Пожалуй, раньше я бы так и сделал. Выбросил, выкинул, забыл. Но сейчас, глядя на мертвого парня, я также неожиданно понял, что все-таки хочу о нем помнить. Его голос, его поступки, слова… Его ворчание по утрам и даже ругательства, когда что-то выходило не так, как ему хотелось. Да и вообще… Мне вдруг подумалось, что это важно – помнить о ком-то или о чем-то. Ведь воспоминания – как маленькая жизнь, собранная в одном-единственном осколке. И пока такие осколки кто-то хранит, люди, которые были нам дороги, по-прежнему существуют.
Горькое, тягостное, мерзкое чувство потери стало, пожалуй, одним из самых ярких и самых неприятных приобретений в моей коллекции человеческих эмоций. Но одновременно с ним пришло и другое чувство, гораздо более сильное, которое, изучив со всех сторон и признав полезным, я решил продемонстрировать своим крылатым теперь уже врагам.

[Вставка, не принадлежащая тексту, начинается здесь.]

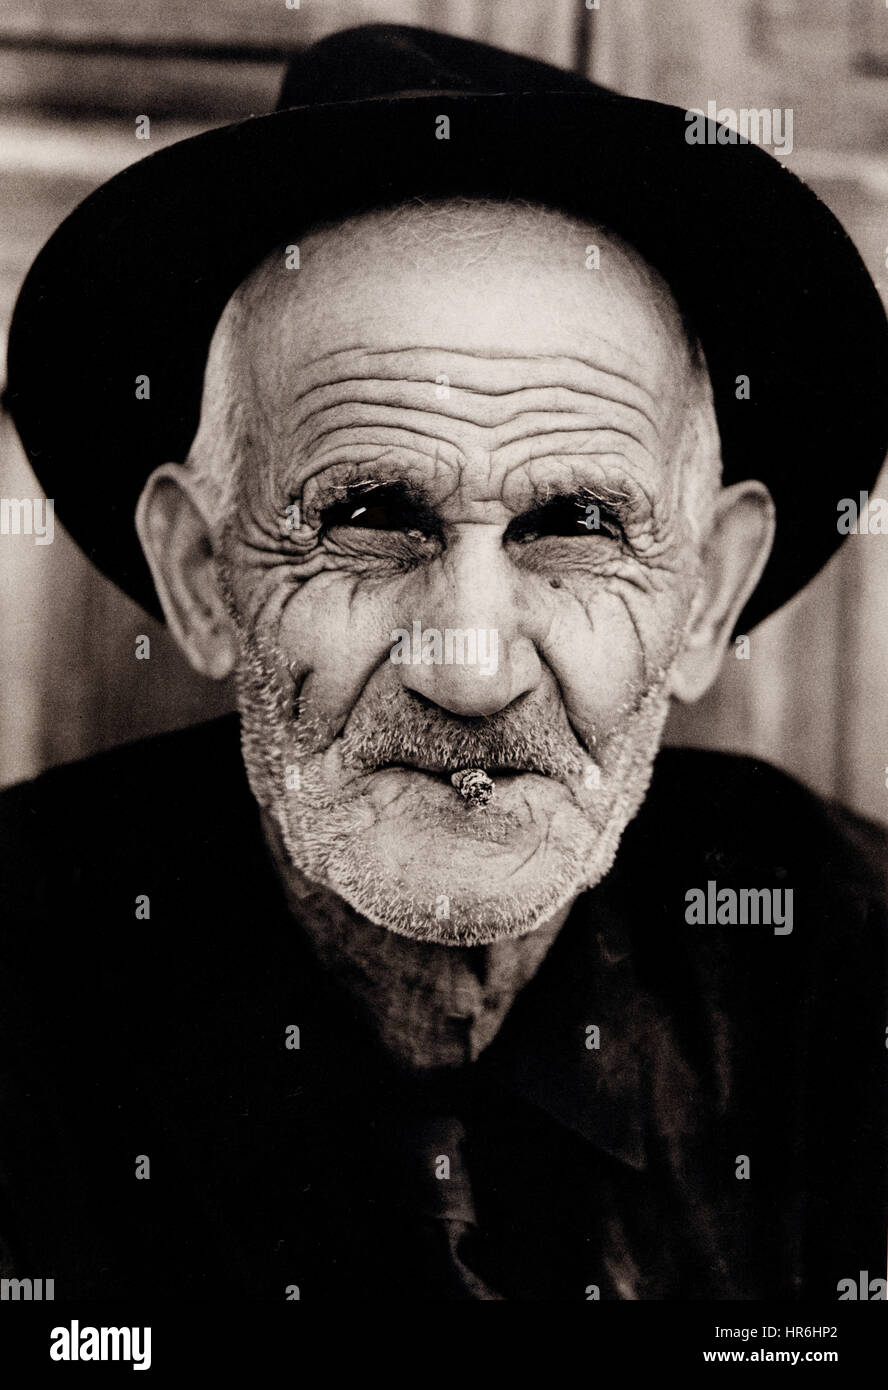 VIEUX VISAGE TAPÉ personnage de portrait B+W soleil tapé temps passé étude de visage de gentleman âgé avec cigarillo portant un chapeau à Vegueta, Las Palmas, îles Canaries Espagne Banque D'Images

Их логово я нашел той же ночью, пока Мор принимал новые воспоминания и был настолько занят, что даже не понял, когда я ушел.
Как оказалось, с направлением я почти угадал, как, кстати, и с расстоянием. Поэтому уже довольно скоро стоял на вершине одной из скал и бесстрастно смотрел, как далеко внизу, в крохотной, затерянной среди гор и укрытой снегами долине, мирно идет дым из печных труб, среди приземистых каменных домиков, несмотря на поздний час, деловито снуют на удивление легко одетые люди. На небольшом пятачке между тесно стоящими зданиями один за другим приземляются беспечные грифоны, а к ним выходят, порой даже выбегают женщины и дети, с радостным гомоном забирая из клювов добычу.
На армейский лагерь или какое-то военизированное образование долина вовсе не походила. Обычные жители… Какой-то устойчивый к холодам, явно самобытный и вполне самодостаточный народ, которому на протяжении многих лет удавалось хранить свое существование в тайне.
Что самое забавное, никто из них даже не взглянул на небо, будучи в полной уверенности, что высокие, ограждающие деревню и от ветров, и от врагов скалы являются надежной защитой. Даже свирепые летуны, бросающиеся на отблеск любого портала, возле родных домов вели себя до крайности легкомысленно.
Сегодня ночью я как минимум трижды потревожил пространство своими перемещениями. Однако вдали от запретной долины и оберегающего ее купола грифоны, похоже, не так хорошо ощущали мои пространственные щели.
И вот сейчас я стоял, глядя, как поднимающиеся в воздух летуны ныряют в выточенные прямо в скале над домами каменные норы, и думал, каким же образом поступить с людьми, которые сумели так сильно мне навредить.
Убить их?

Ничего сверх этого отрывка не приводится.